Sherlock has nothing on this woman in 1890s New York, Sir Arthur Conan Doyle's wife hunts down a serial killer...
New York, January 1896. Arthur Conan Doyle, the renowned created of Sherlock Holmes, arrives with his wife Louisa at the Britannic Hotel in New York for his first American tour. While Arthur prepares his lectures, Louisa becomes entranced by the vibrant, dangerous metropolis brimming with debauchery and iniquity around every corner. When a woman's mutilated corpse turns up in a Bowery alley, Louisa recognizes the victim as someone she's seen in the hotel.
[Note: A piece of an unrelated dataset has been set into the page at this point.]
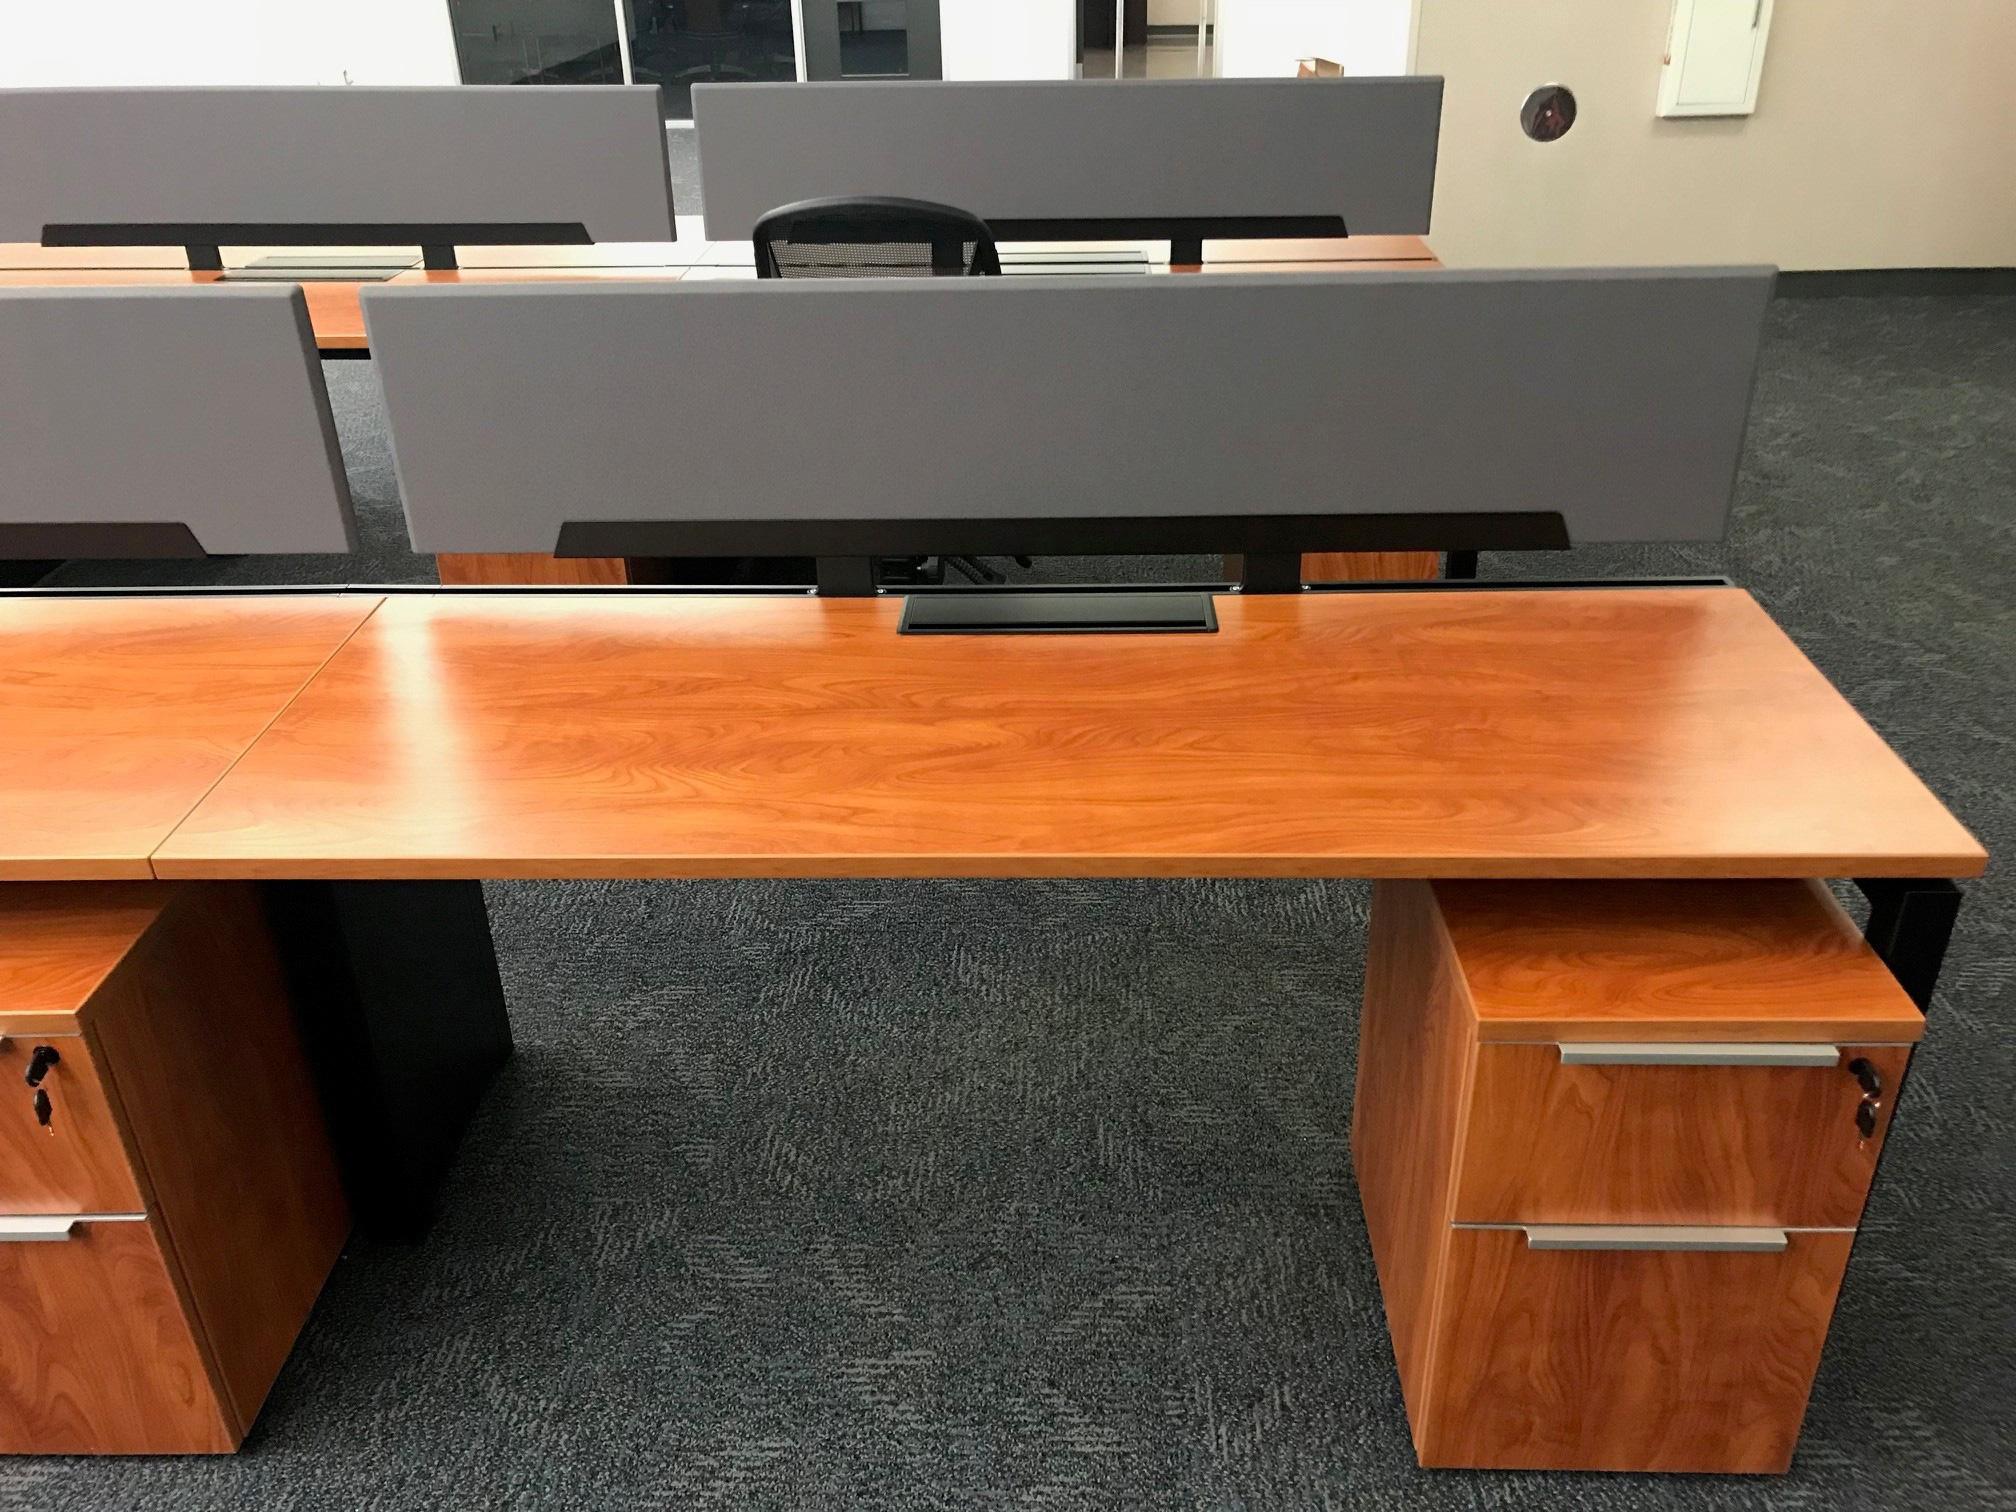 manasota-office-supplies-llc-4.jpg

Obsessed with the woman's gruesome death, Louisa starts piecing together clues to reveal a story of murder and depravity—a story that leads back to the hotel itself and a madman who is watching her every move.
From Fifth Avenue's glitzy opulence to the smoky boy's club of the New York Express and the Tombs of Lower Manhattan, Winter at Death's Hotel is an electrifying tale of a society caught in the throes of a story transformation and one woman determined to redeem it at whatever cost.
Praise for Winter at Death's Hotel
"Louisa is a fascinating creation...Conan Doyle's wife is a clever choice as the novel's central character, embodying the fears and aspirations of women of the period, and the ingenious plot does not diminish the horrors she has to confront."—Sunday Times (UK)
"A well-realized mystery that shows promise for future books in the series."—Sunday Business Post (UK)
Kenneth Cameron is the author of the Denton series, as well as of plays staged in Britain and the US, and the award-winning AFRICA ON FILM: BEYOND BLACK AND WHITE. He lives part of the year in northern New York State and part in the southern US.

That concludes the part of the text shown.